Tandis que la « Déclaration Balfour » était une approbation moins que décisive du sionisme, les sionistes la considéraient comme une percée majeure, car elle entr’ouvrait une porte qu’ils ouvriraient plus tard. En fait, beaucoup créditent cela comme un facteur clé dans la création d’Israël. [24].
Ces négociations Balfour/Première guerre mondiale sont mentionnées dans divers documents. Samuel Landman, secrétaire de l’Organisation sioniste mondiale, les a décrites en détail dans un article du « World Jewry » en 1936. Il a expliqué qu’un « gentleman’s agreement » secret avait été conclu entre le gouvernement britannique et les dirigeants sionistes en 1916 :
« Après qu’une entente fût intervenue entre Sir Mark Sykes et — les sionistes : — Weizmann et Sokolow, il fut décidé d’envoyer un message secret au Juge Brandeis que le cabinet britannique allât aider les Juifs à gagner la Palestine en échange de la sympathie juive active aux États-Unis pour le soutien à la cause alliée, de manière à provoquer une tendance pro-alliée radicale aux États-Unis. » [25].
Landman écrivit qu’une fois que les Britanniques eussent accepté d’aider les sionistes, cette information fut communiquée à la Presse qui rapidement commença à favoriser que les États-Unis dussent se joindre à la guerre du côté de la Grande-Bretagne.
Landman prétendit que les sionistes avaient rempli leur part du contrat et que c’était « l’aide juive qui avait amené les Etats-Unis dans la guerre du côté des Alliés », provoquant ainsi la défaite de l’Allemagne. [26].] Il poursuivit en déclarant que cela avait été « déploré » ensuite en Allemagne et « avait contribué dans une large mesure à la place prééminente de l’antisémitisme dans le programme nazi. ».

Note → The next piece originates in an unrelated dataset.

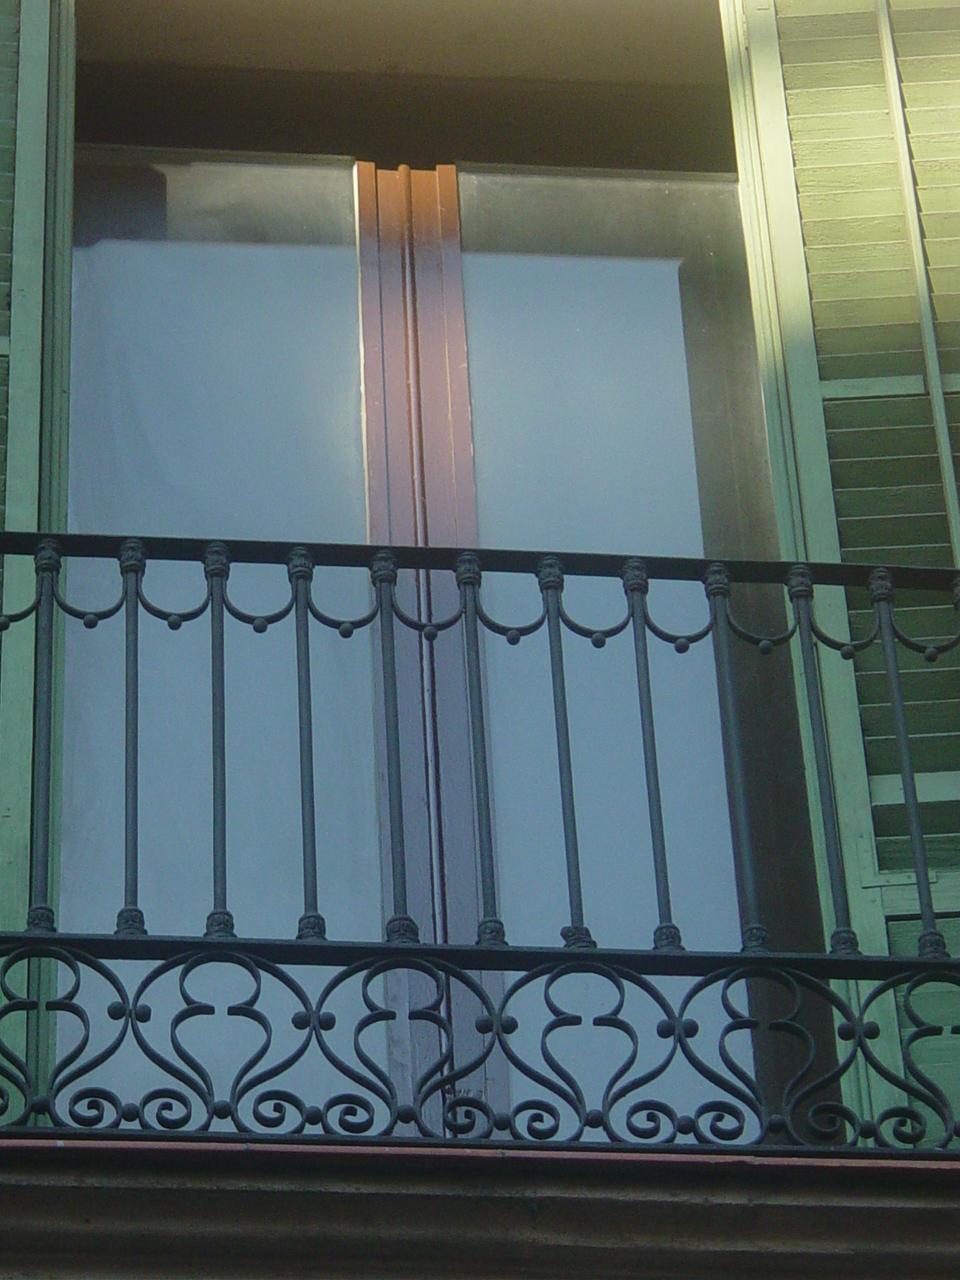 Escaleras de interior a medida escaleras de interiores - Escaleras de forja interiores ...

Lord Cavendish, Secrétaire colonial britannique, dans un mémorandum de 1923 au cabinet britannique, écrivit également au sujet de cet accord et de son résultat, déclarant :
« L’objectif [de la Déclaration Balfour] était d’obtenir des juifs influents et des organisations juives du monde entier les sympathies du côté allié [...] [et] on peut soutenir que les négociations avec les sionistes... ont effectivement eu un effet considérable dans l’avancement de la date à laquelle le gouvernement des États-Unis intervint dans la guerre. » [27].
De son côté, l’ancien Premier ministre britannique Lloyd George fit référence aux arrangements, en disant lors d’une commission britannique, en 1935 : « Les dirigeants sionistes nous avaient promis clairement que si les Alliés s’engageaient à faciliter la création d’un foyer national pour les Juifs en Palestine, ils feraient de leur mieux pour rallier le sentiment juif et le soutien du monde entier à la cause alliée. Ils tinrent parole. » [28].
Frank E. Manuel, auteur et professeur à l’Université Brandeis, rapporta que Lloyd George avait témoigné en 1937 que « la stimulation de l’effort de guerre des Juifs américains avait été l’un des principaux motifs qui, pendant une période douloureuse de la guerre européenne, avait déterminé les membres du Cabinet à finalement voter pour la Déclaration. » [29].
Le fonctionnaire du service diplomatique américain Evan M. Wilson, qui avait été Consul général à Jérusalem, décrivit également cet arrangement dans son livre « Decision on Palestine » (Décision sur la Palestine). Il écrivit que la déclaration Balfour « ... avait été donnée aux Juifs en grande partie dans le but d’enrôler leur support dans la guerre et d’entraîner une promesse semblable des Pouvoirs Centraux [des ennemis britanniques contre la première guerre mondiale] ».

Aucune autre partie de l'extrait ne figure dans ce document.